Professional ratings
Review scores
| Source | Rating |
| AllMusic | Star Half star |

==Background==
The set features four new tracks as well as several previously unreleased studio and live tracks from the archives, with several tracks included in alternate mixes. The four new songs were "Paper Doll", which was recorded earlier than the others as it was written by and recorded with Stevie Nicks and Rick Vito, both of whom had left the band in 1991, "Love Shines" and "Heart of Stone", both Christine McVie songs, and "Make Me a Mask", contributed by then-former member Lindsey Buckingham. "Make Me a Mask" originated from the recording sessions of Buckingham's third solo album, Out of the Cradle; Buckingham felt that the song did not fit with the rest of the album and instead gave the song to Fleetwood Mac for inclusion on the box set. "Love Shines" was released as a single to promote the box set in Europe, whereas "Paper Doll" was the single in North America and Australia.

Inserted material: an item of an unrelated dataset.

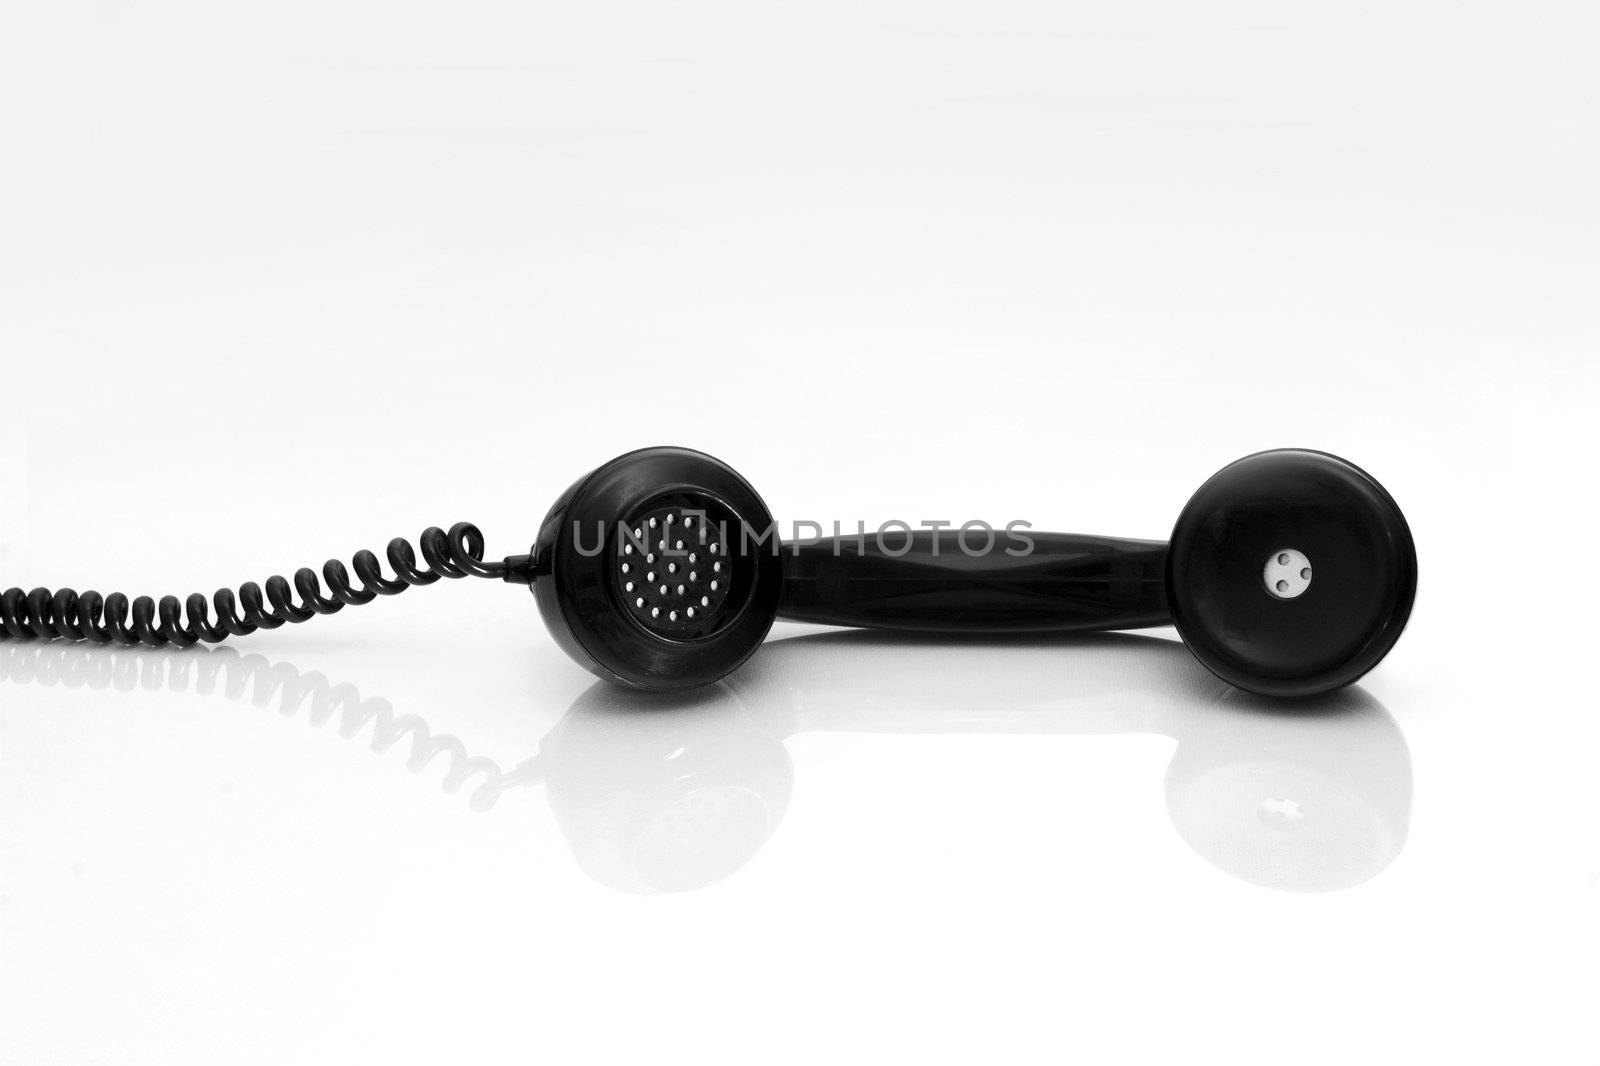 Antiquated phone handset with reflection

The extended version of Stevie Nicks' "Gypsy" was also included for the first time on a commercial release, and this collection also marked the first time Nicks' "Silver Springs" had appeared on a full-length Fleetwood Mac album. "Silver Springs" was originally intended for inclusion on the international multi-million selling album Rumours, however, it was removed from the track listing at the last minute. Up until its inclusion on The Chain, the only other appearance of "Silver Springs" was on the B-side of "Go Your Own Way". Mick Fleetwood turned down Nicks' request to include "Silver Springs" on her retrospective compilation Timespace: The Best of Stevie Nicks as he had already selected the song for 25 Years – The Chain. The disagreement was ultimately resolved and the song itself was eventually released as a single five years later in 1997, taken from the live album The Dance. The track listing erroneously lists the first song on the fourth CD as "I Believe My Time Ain't Long", the band's first single from 1967, but it is actually the very similar "Dust My Broom" from the 1968 Mr. Wonderful album.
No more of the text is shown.